The result should be the full listing copied exactly, with no pictures in it.

------ PROVIDED DATA ------

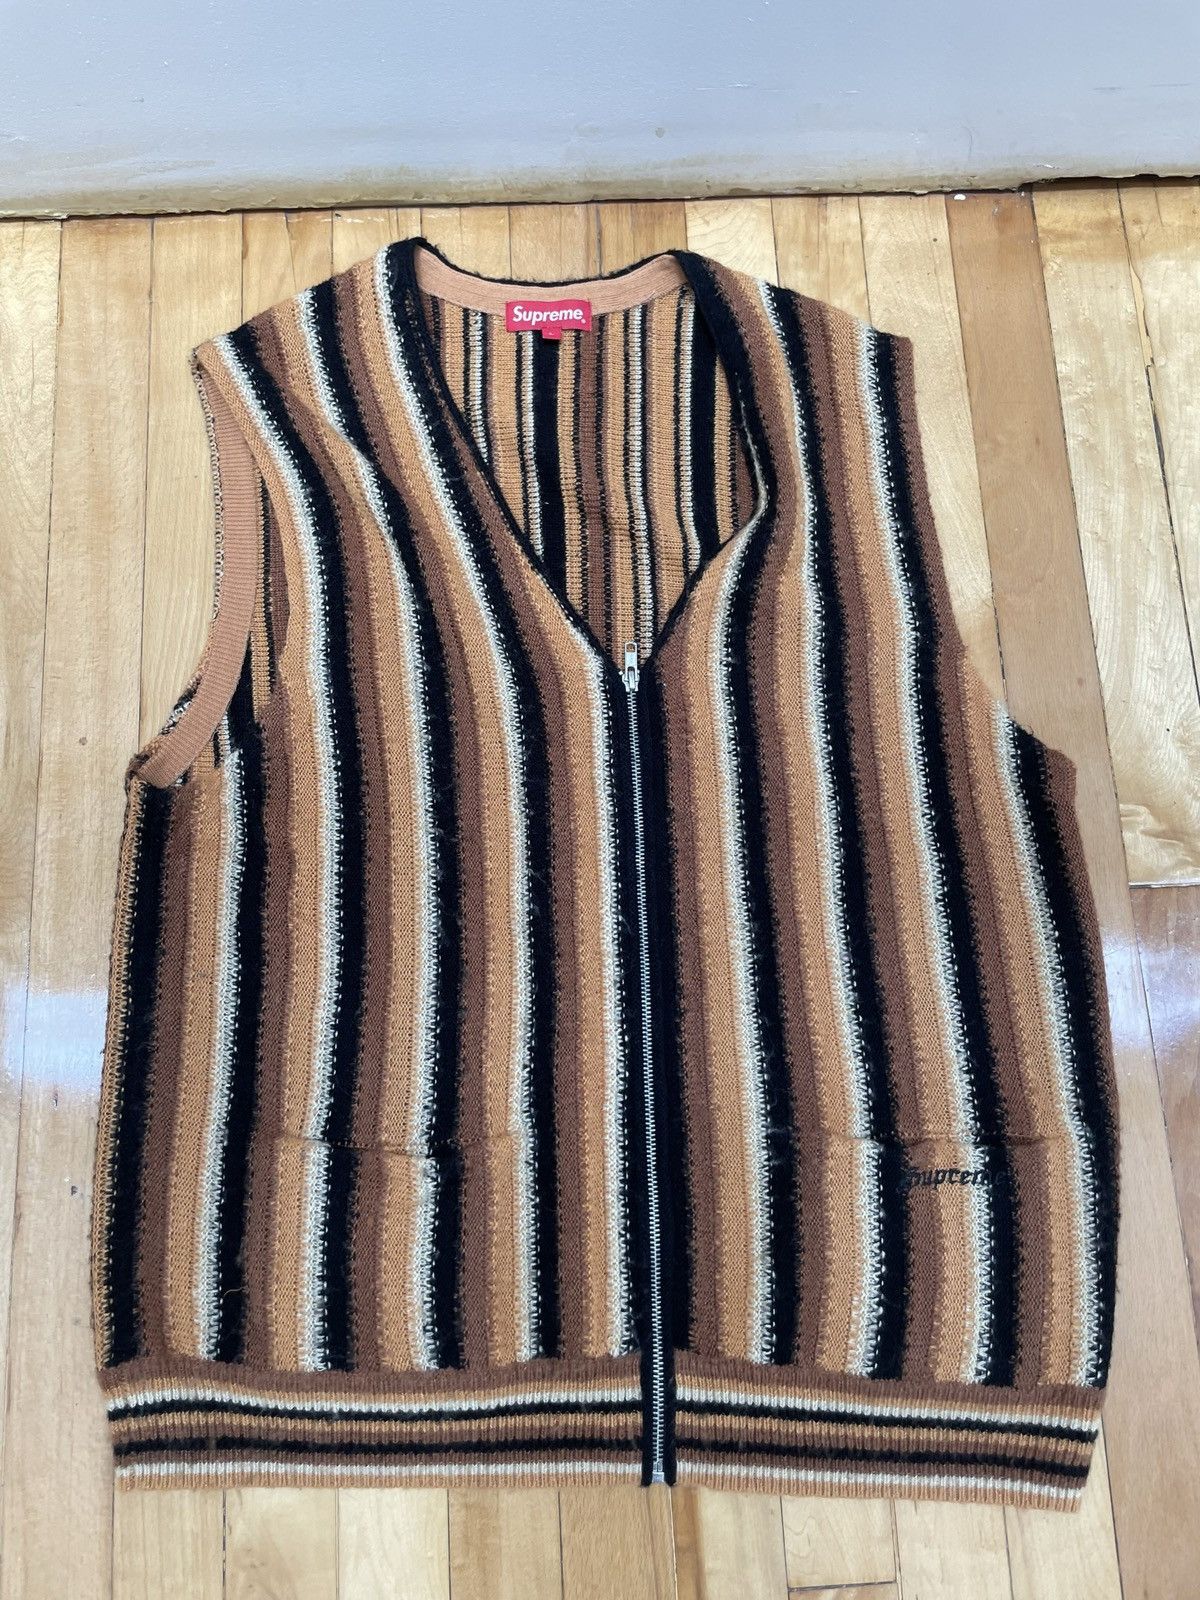 Supreme Supreme Stripped Sweater Vest Brown (L) | Grailed
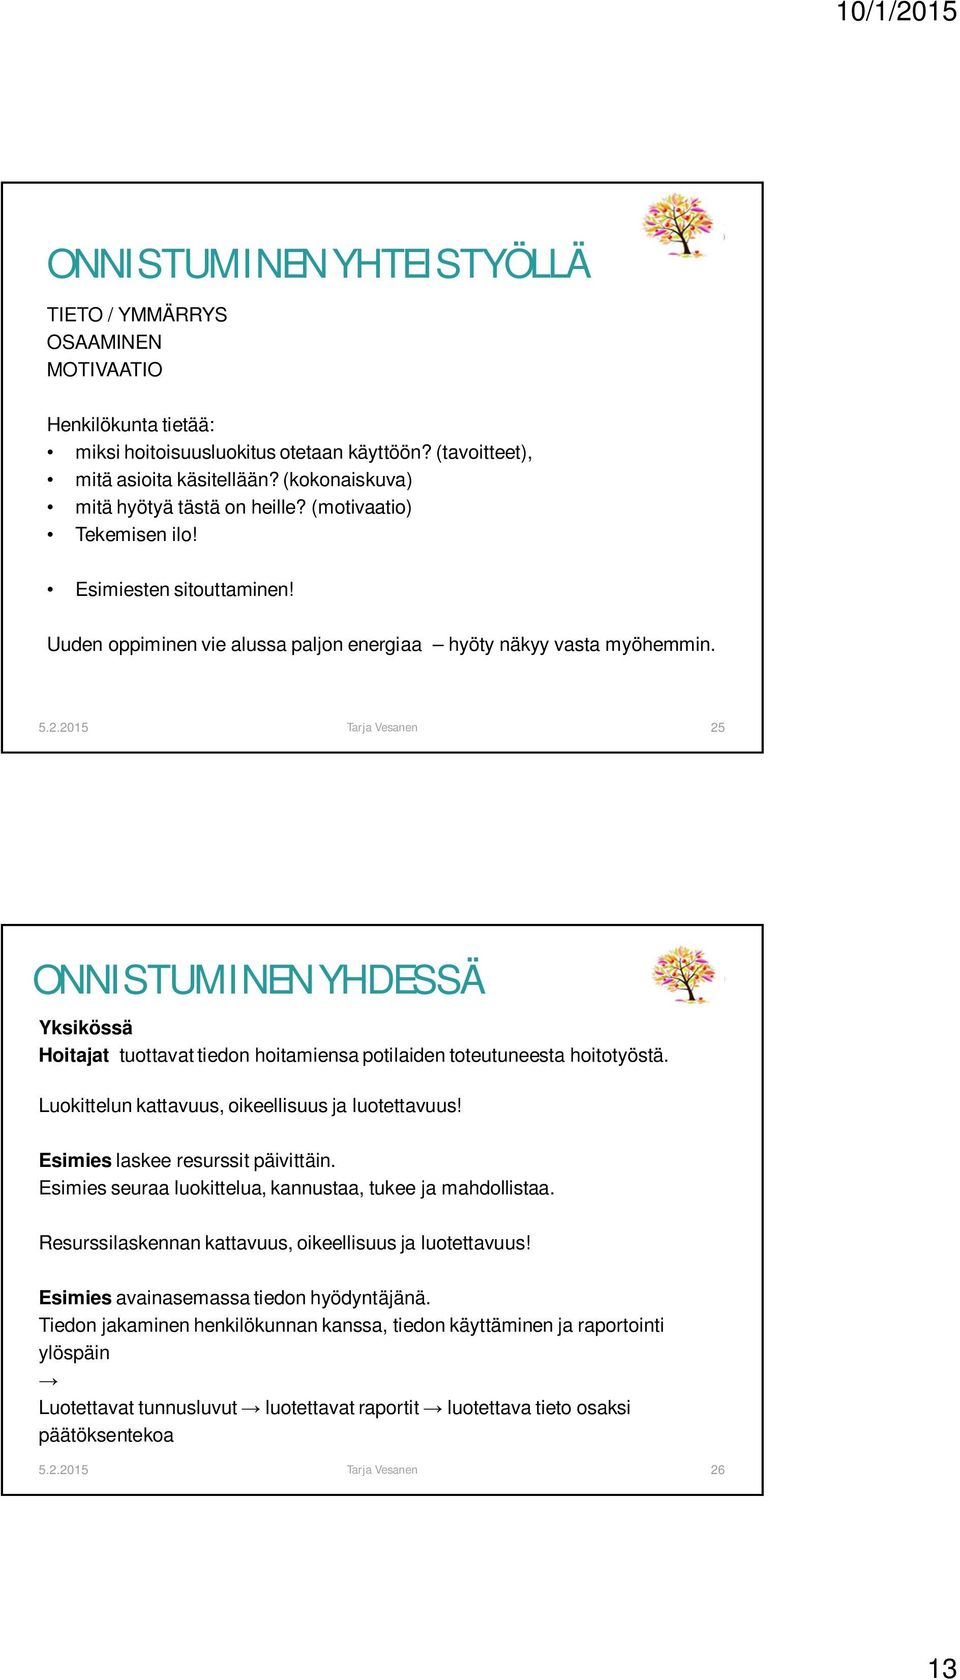 2015 Tarja Vesanen 25 ONNISTUMINEN YHDESSÄ Yksikössä Hoitajat tuottavat tiedon hoitamiensa potilaiden toteutuneesta hoitotyöstä. Luokittelun kattavuus, oikeellisuus ja luotettavuus!
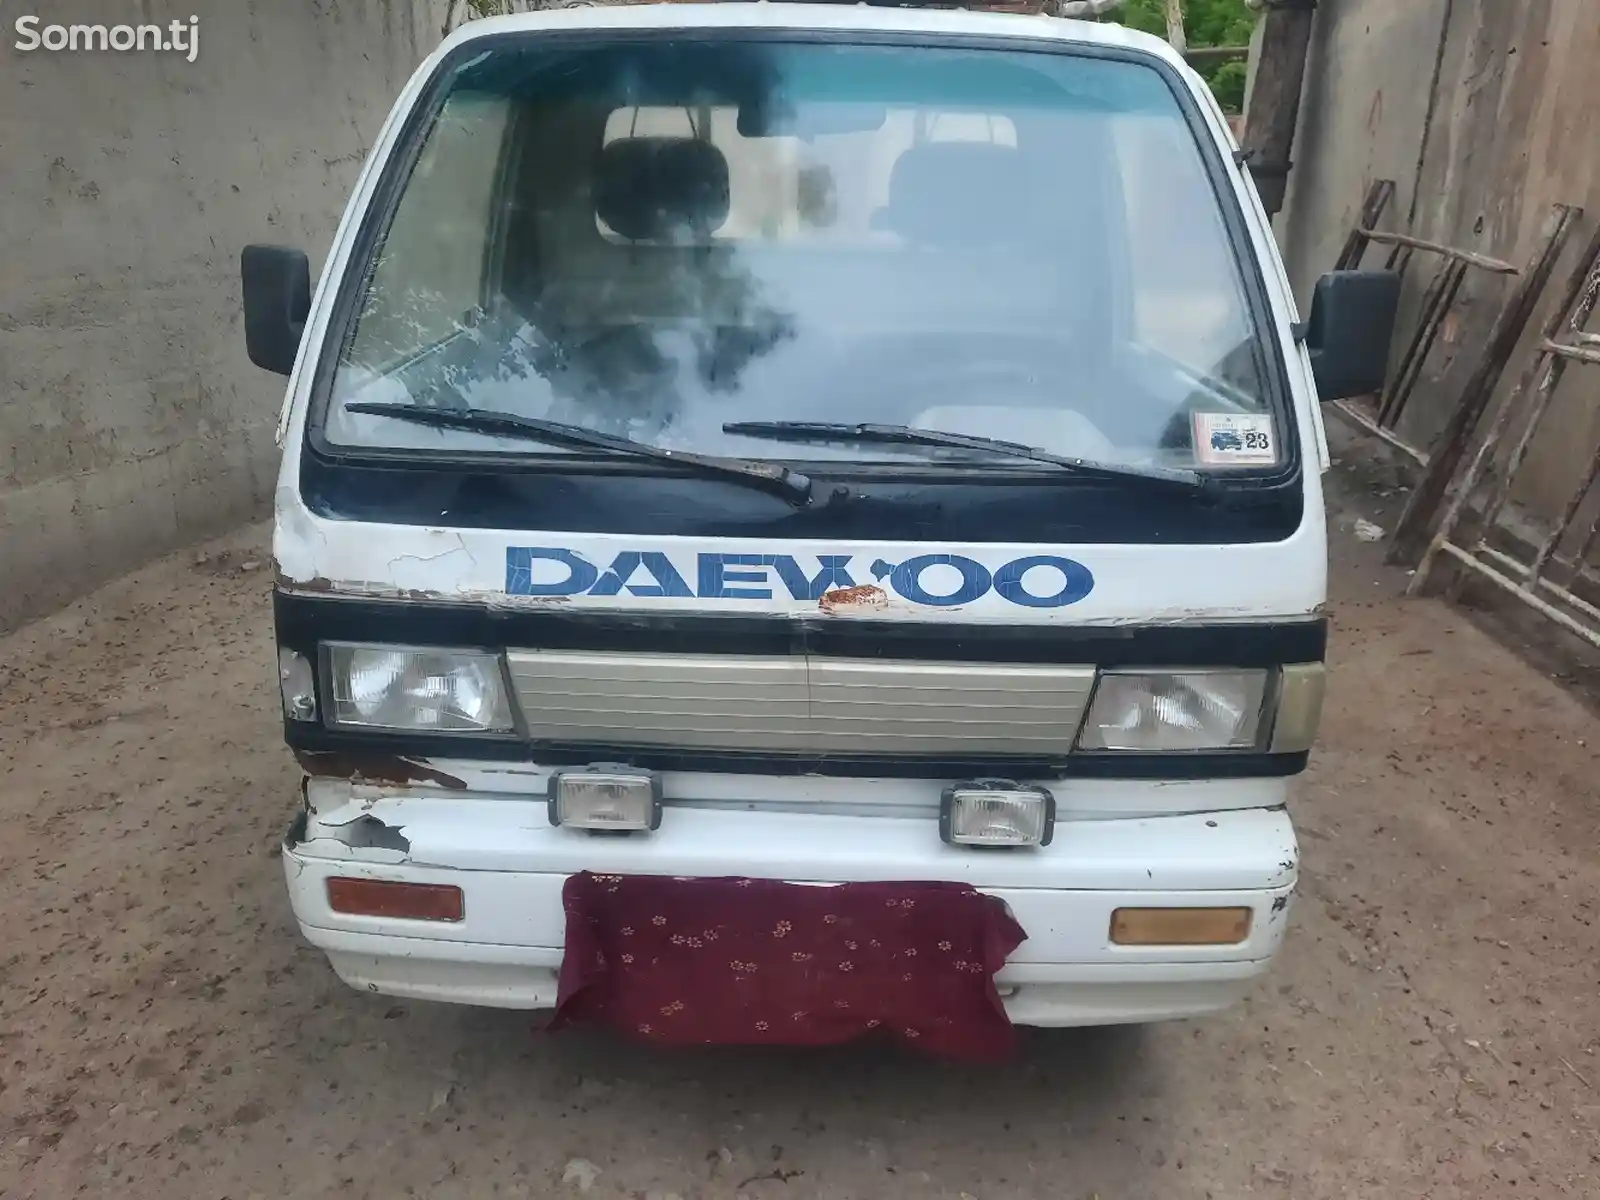 Бортовой автомобиль Daewoo Labo, 1997-1

------

§ **TASK ANSWER**
 Supreme Supreme Stripped Sweater Vest Brown (L) | Grailed
 2015 Tarja Vesanen 25 ONNISTUMINEN YHDESSÄ Yksikössä Hoitajat tuottavat tiedon hoitamiensa potilaiden toteutuneesta hoitotyöstä. Luokittelun kattavuus, oikeellisuus ja luotettavuus!
 Бортовой автомобиль Daewoo Labo, 1997-1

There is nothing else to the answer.